=== Problem statement ===
The goal is a clean copy of all the data below, with pictures dropped and everything else retyped exactly.

=== Data extract ===
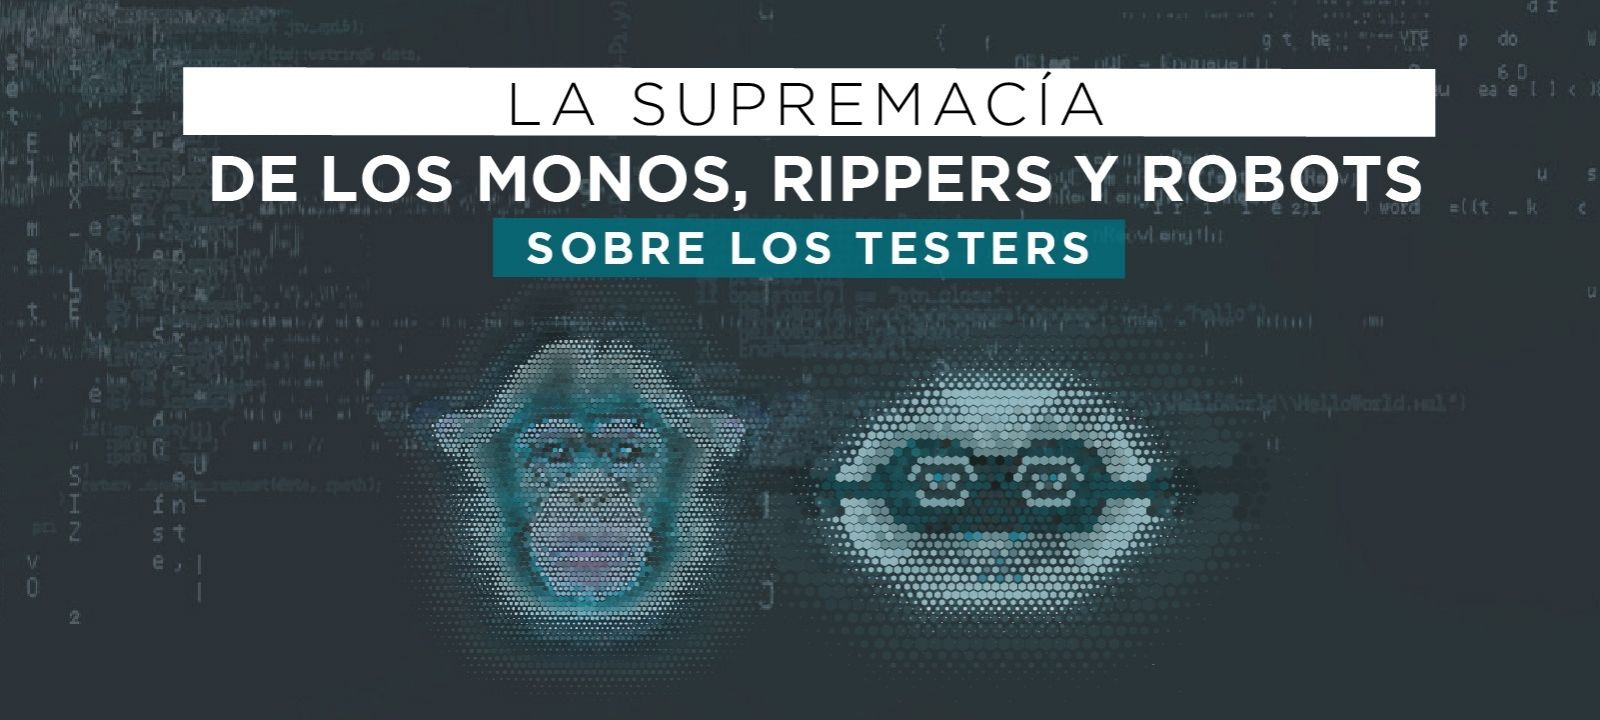 La supremacía de los monos, rippers y robots sobre los testers
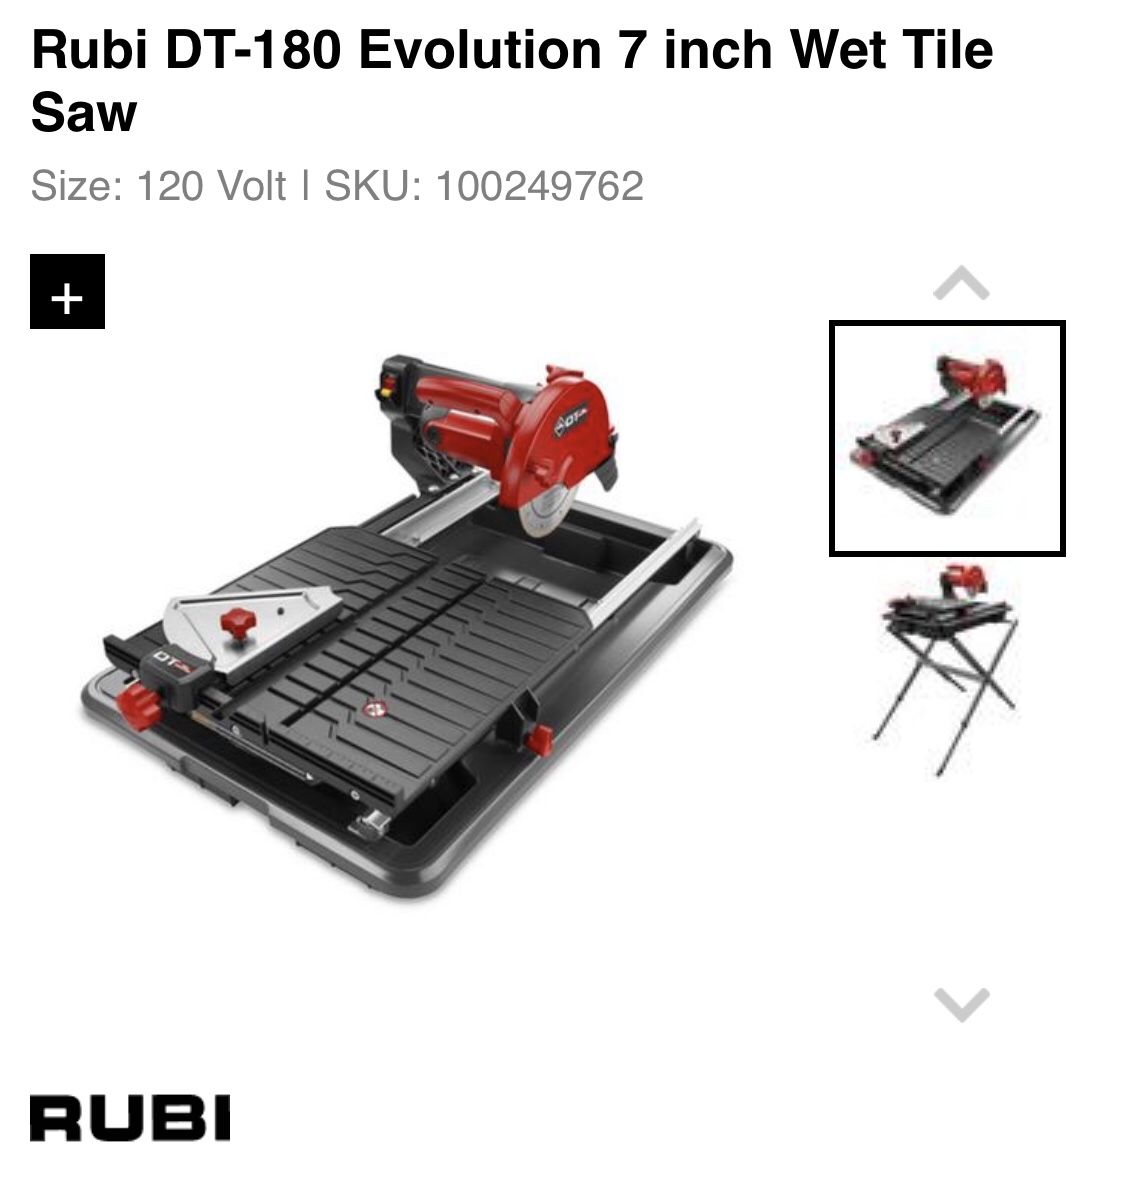 Rubi DT-180 - 7 inch Wet Tile Saw
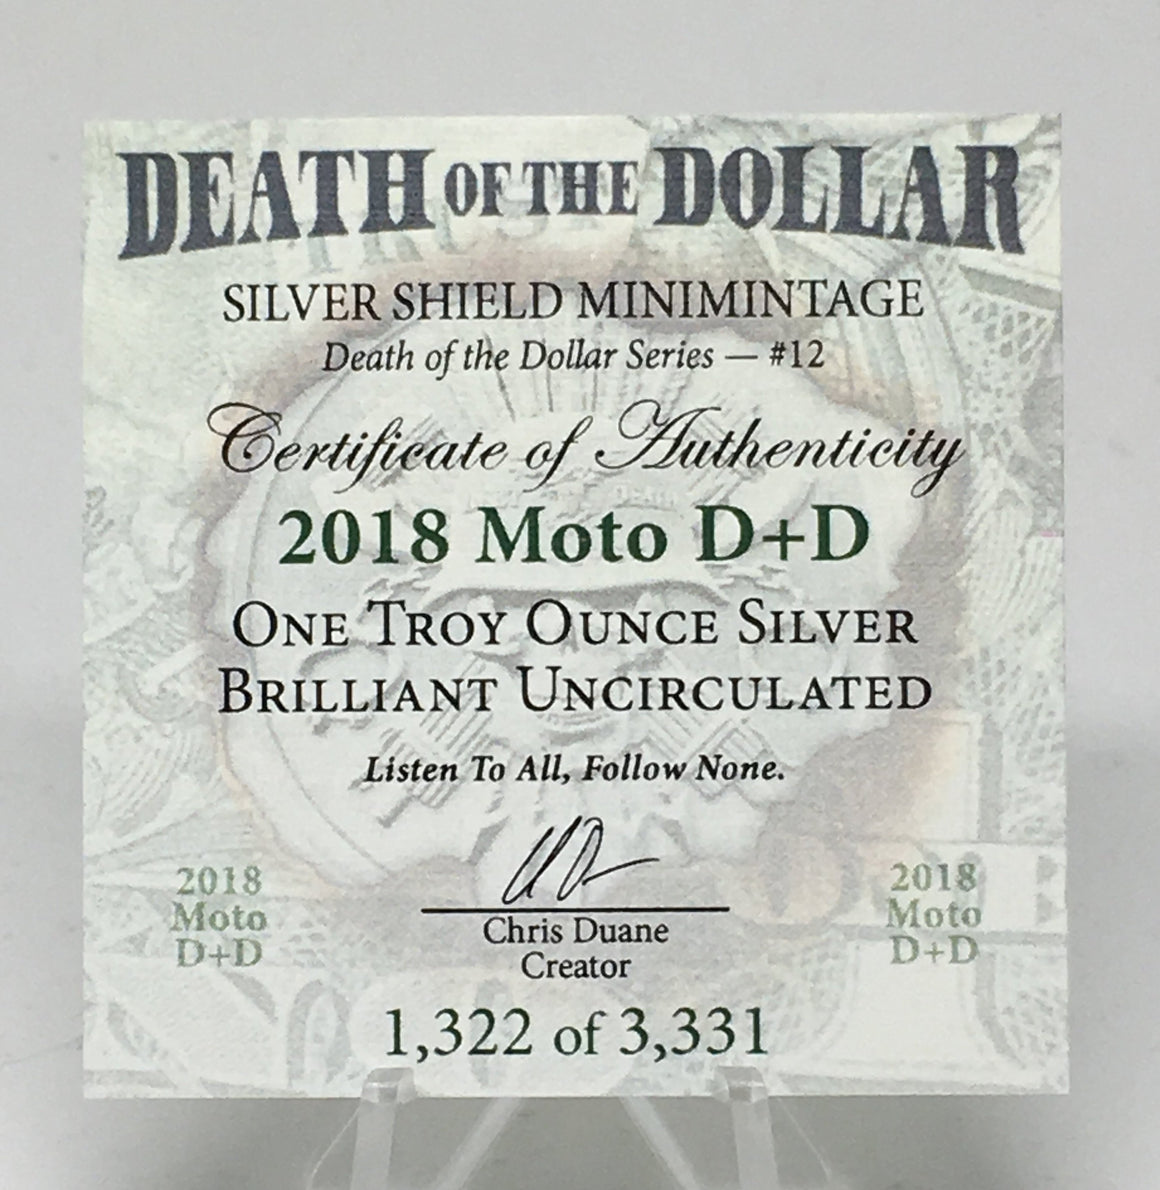 2018 Moto D+D by Silver Shield, Mini Mintage - BU 1 oz .999 Silver Round
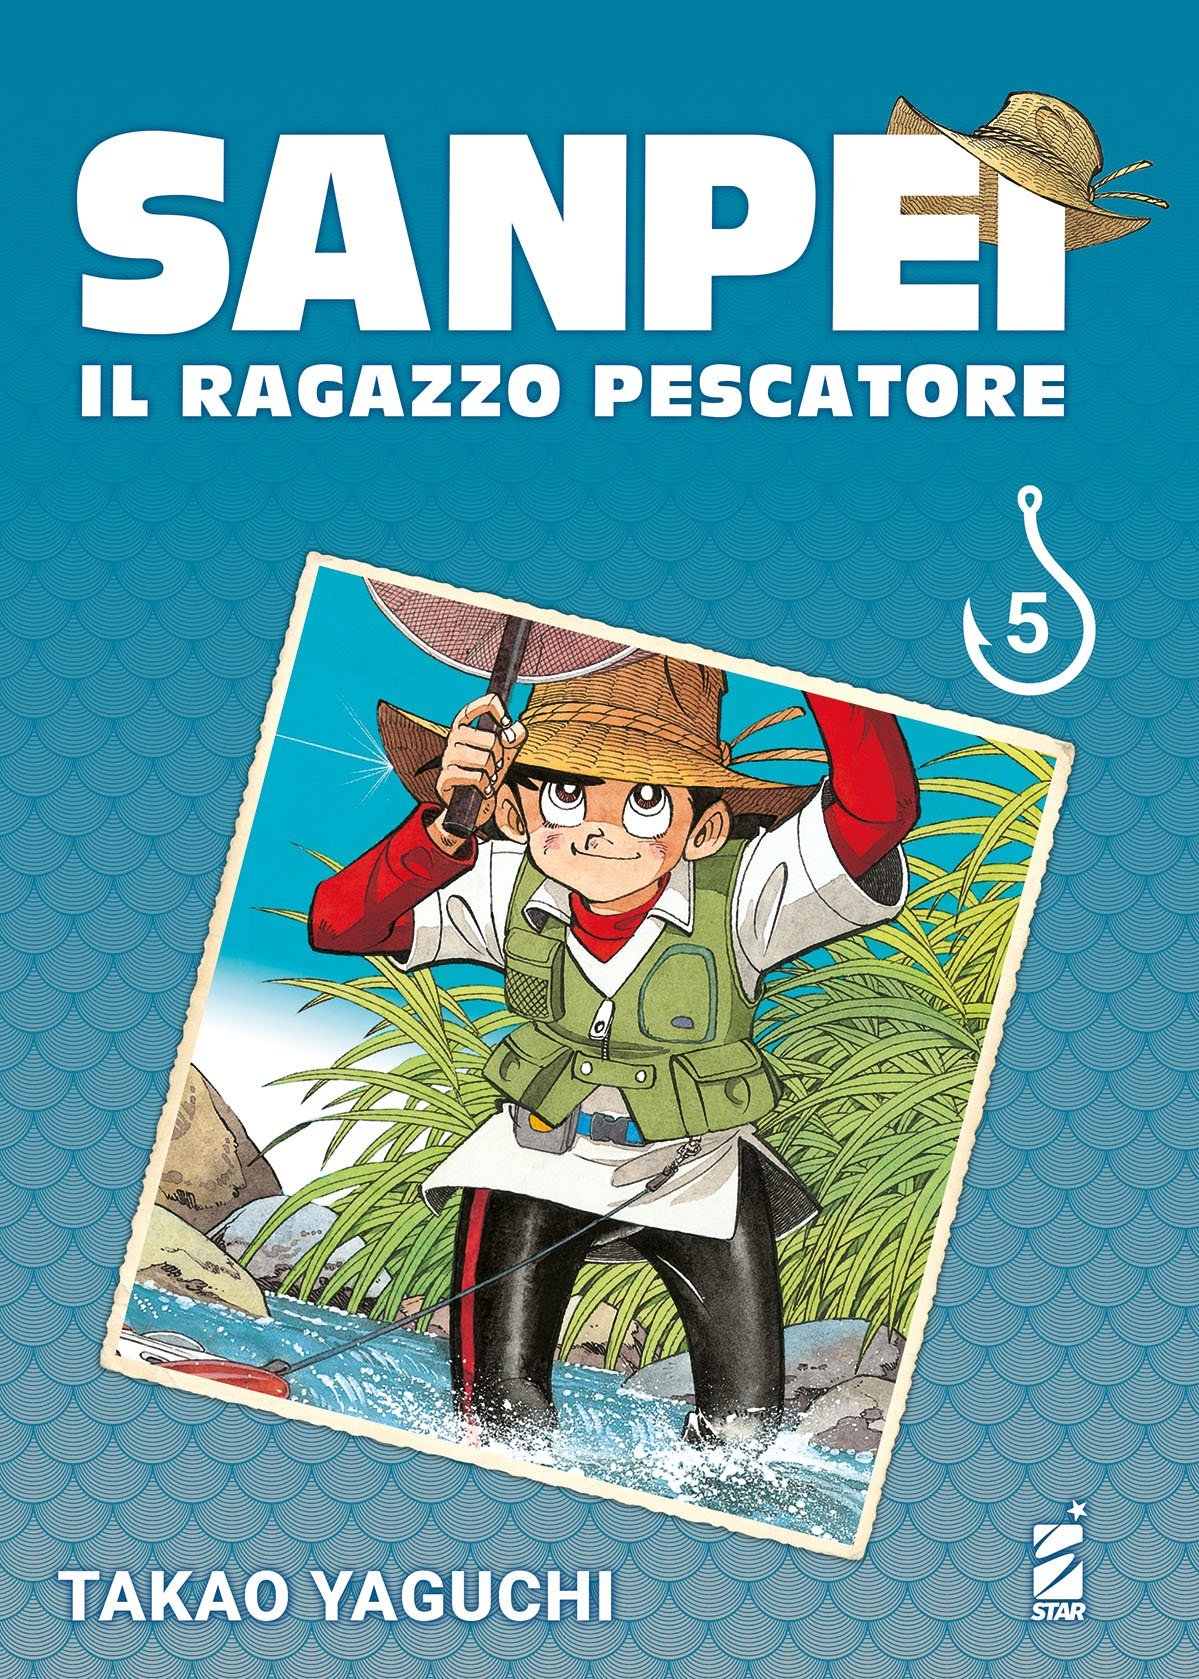 SANPEI IL RAGAZZO PESCATORE TRIBUTE EDITION 5 DI 12

=== Result of this exercise ===
 La supremacía de los monos, rippers y robots sobre los testers
 Rubi DT-180 - 7 inch Wet Tile Saw
 2018 Moto D+D by Silver Shield, Mini Mintage - BU 1 oz .999 Silver Round
 SANPEI IL RAGAZZO PESCATORE TRIBUTE EDITION 5 DI 12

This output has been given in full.